This seems interesting but I don’t really understand what you’re proposing.
The last section is more aspirational and underdevelopped; the main point is noticing that Goodhart can be defeated in certain circumstances, and speculating how that could be extended. I’ll get back to this at a later date (or others can work on it!)
Also, Jessica Taylor’s A first look at the hard problem of corrigibility went over a few different ways that an AI could formalize the fact that humans are uncertain about their utility functions, and concluded that none of them would solve the problem of corrigibility.
This is not a design for corrigible agents (if anything, it’s more a design for low impact agents). The aim of this approach is not to have an AI that puts together the best U, but one that doesn’t go maximising a narrow V, and has wide enough uncertainty to include a decent U among the possible utility functions, and that doesn’t behave too badly.
This is not a design for corrigible agents (if anything, it’s more a design for low impact agents). The aim of this approach is not to have an AI that puts together the best
U, but one that doesn’t go maximising a narrow V, and has wide enough uncertainty to include a decent U among the possible utility functions, and that doesn’t behave too badly.
Ok, understood, but I think this approach might run into similar problems as the attempts to formalize value uncertainty in Jessica’s post. Have you read it to see if one of those ways to formalize value uncertainty would work for your purposes, and if not, what would you do instead?
I did read it. The main difference is that I don’t assume that humans know their utility function, or that “observing it over time” will converge on a single point.

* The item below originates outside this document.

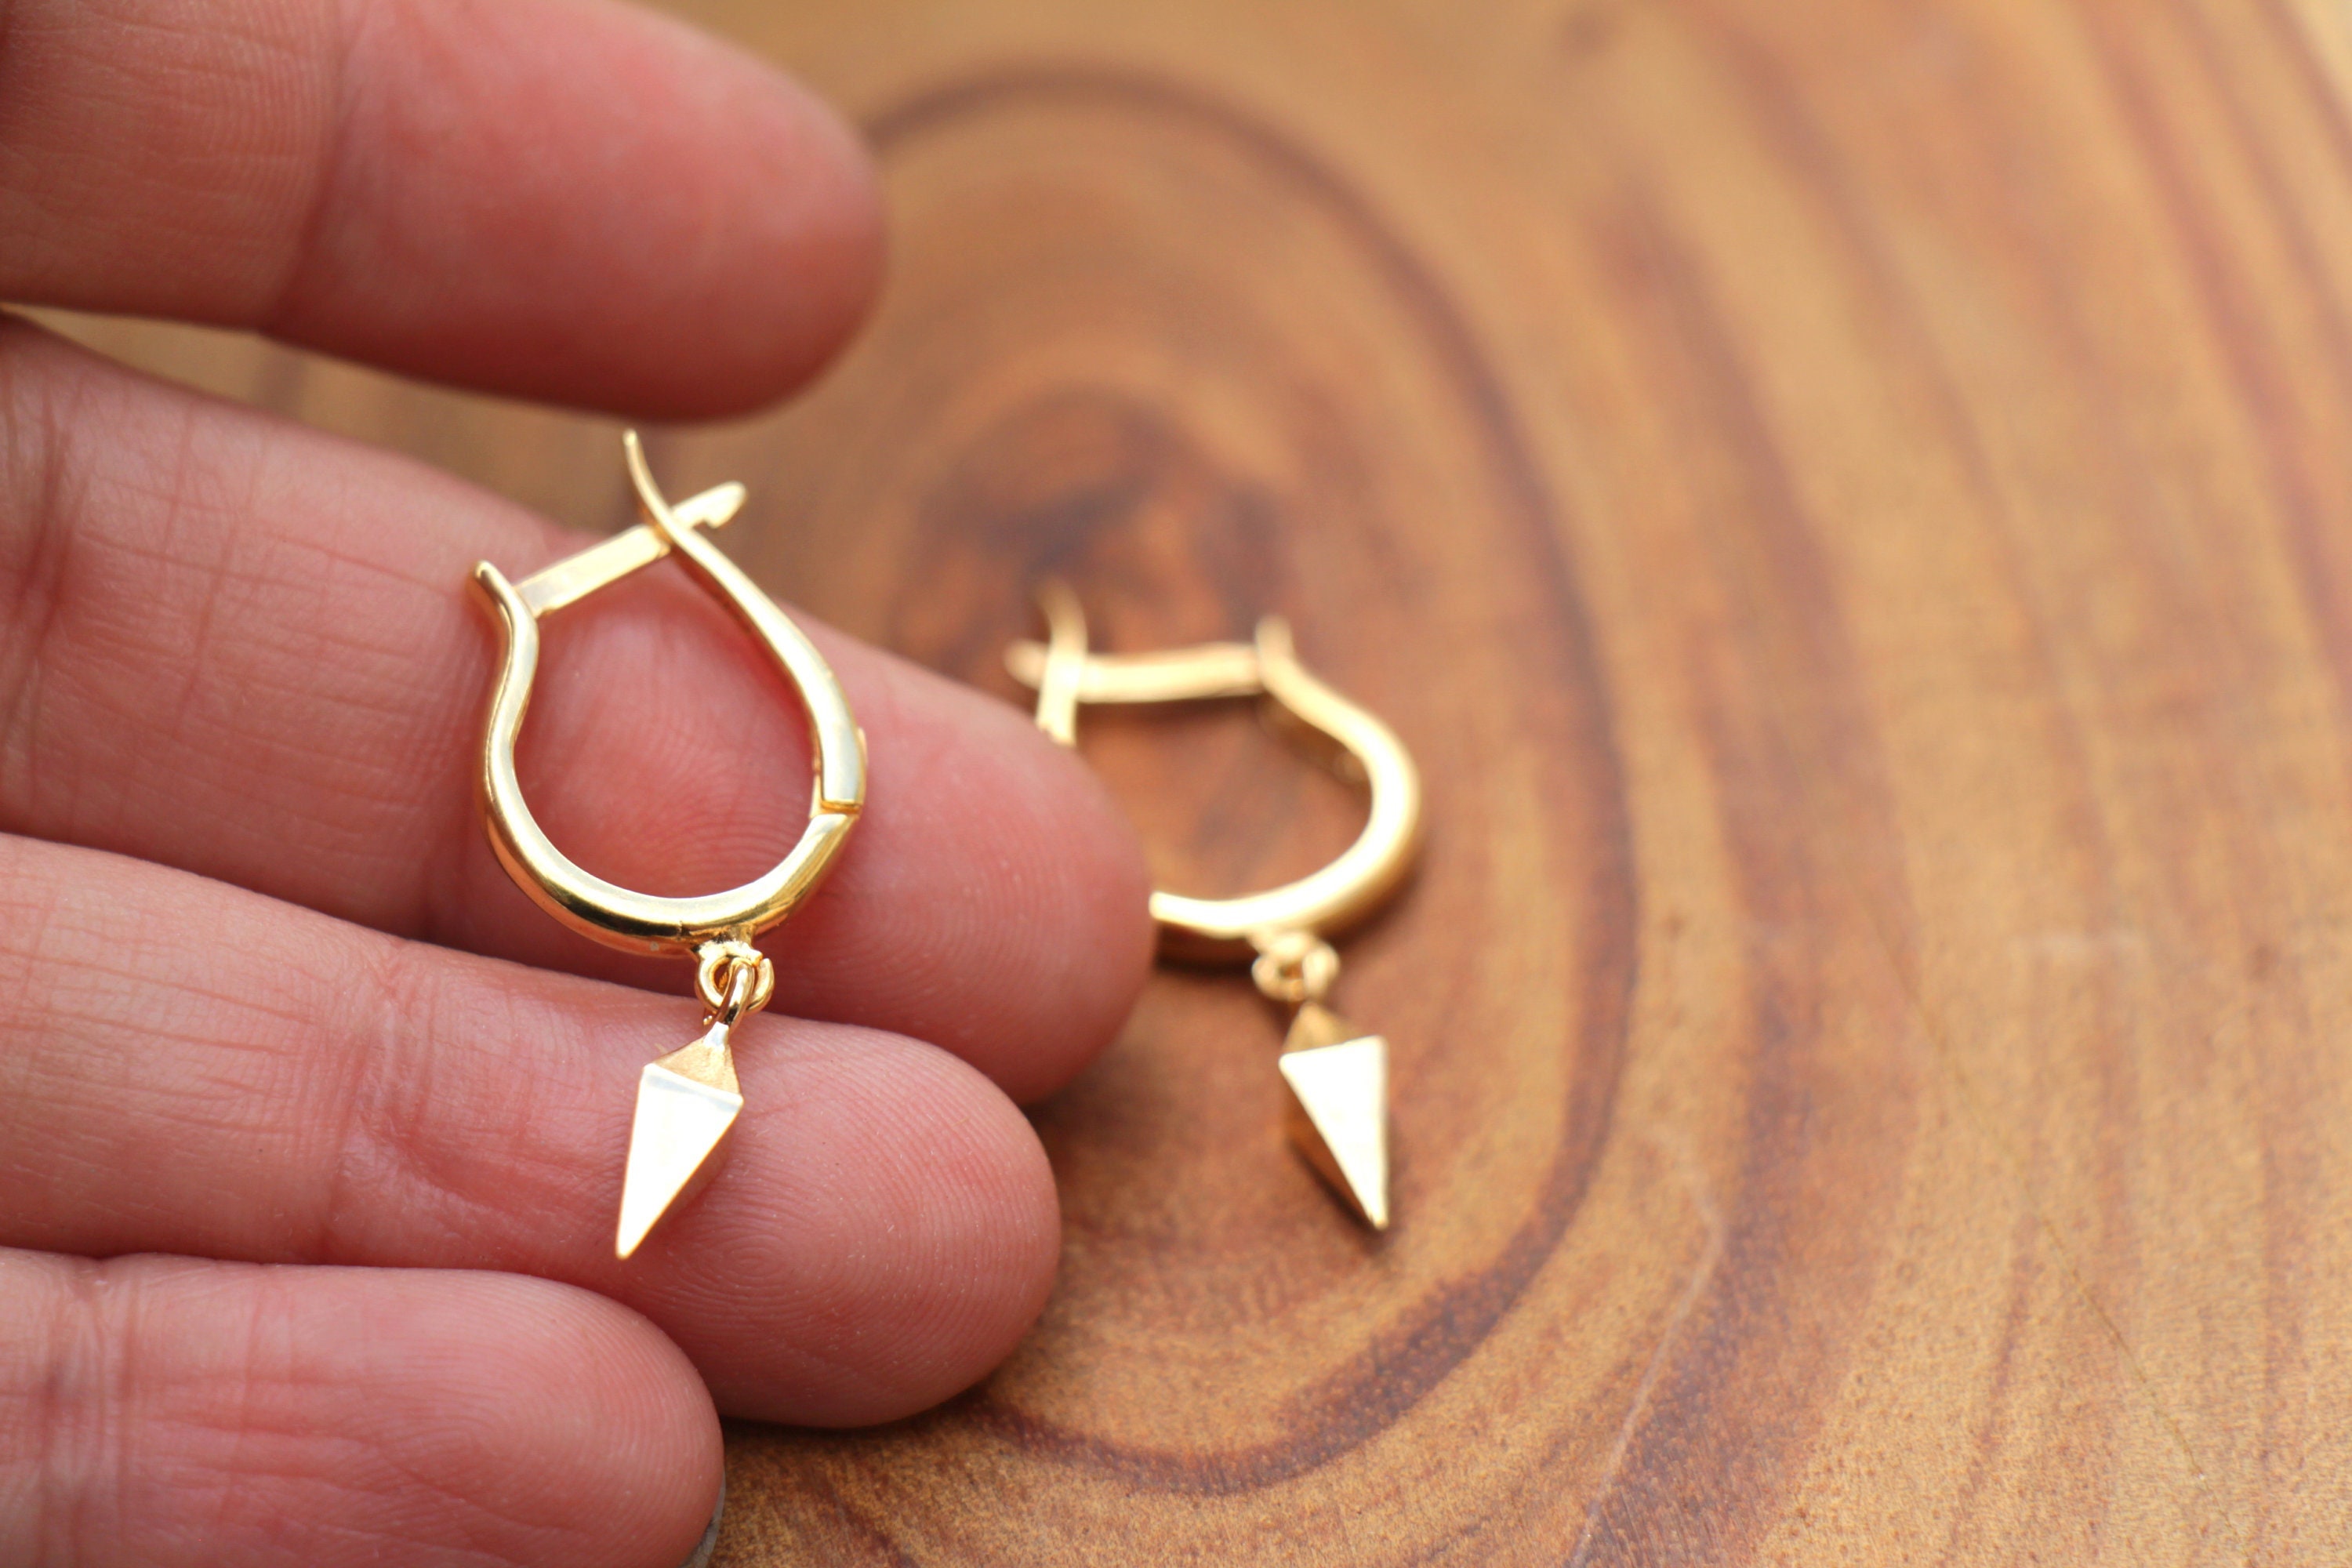 14k Yellow Gold Triangle Hoop Earrings Geometric Earrings Jewellery Earrings Hoop Earrings Small and Mid Size Hoop Earrings Triangular Hoop Earrings for Everyday Wear

The AI is expected to draw boundaries between concepts; boundaries that humans don’t know and can’t know (just as image recognition neural nets do).
What I term uncertainty might better be phrased as “known (or learnt) fuzziness of a concept or statement”. It differs from uncertainty in the Jessica sense in that knowing absolutely everything about the universe, about logic, and about human brains, doesn’t resolve it.
What I term uncertainty might better be phrased as “known (or learnt) fuzziness of a concept or statement”. It differs from uncertainty in the Jessica sense in that knowing absolutely everything about the universe, about logic, and about human brains, doesn’t resolve it.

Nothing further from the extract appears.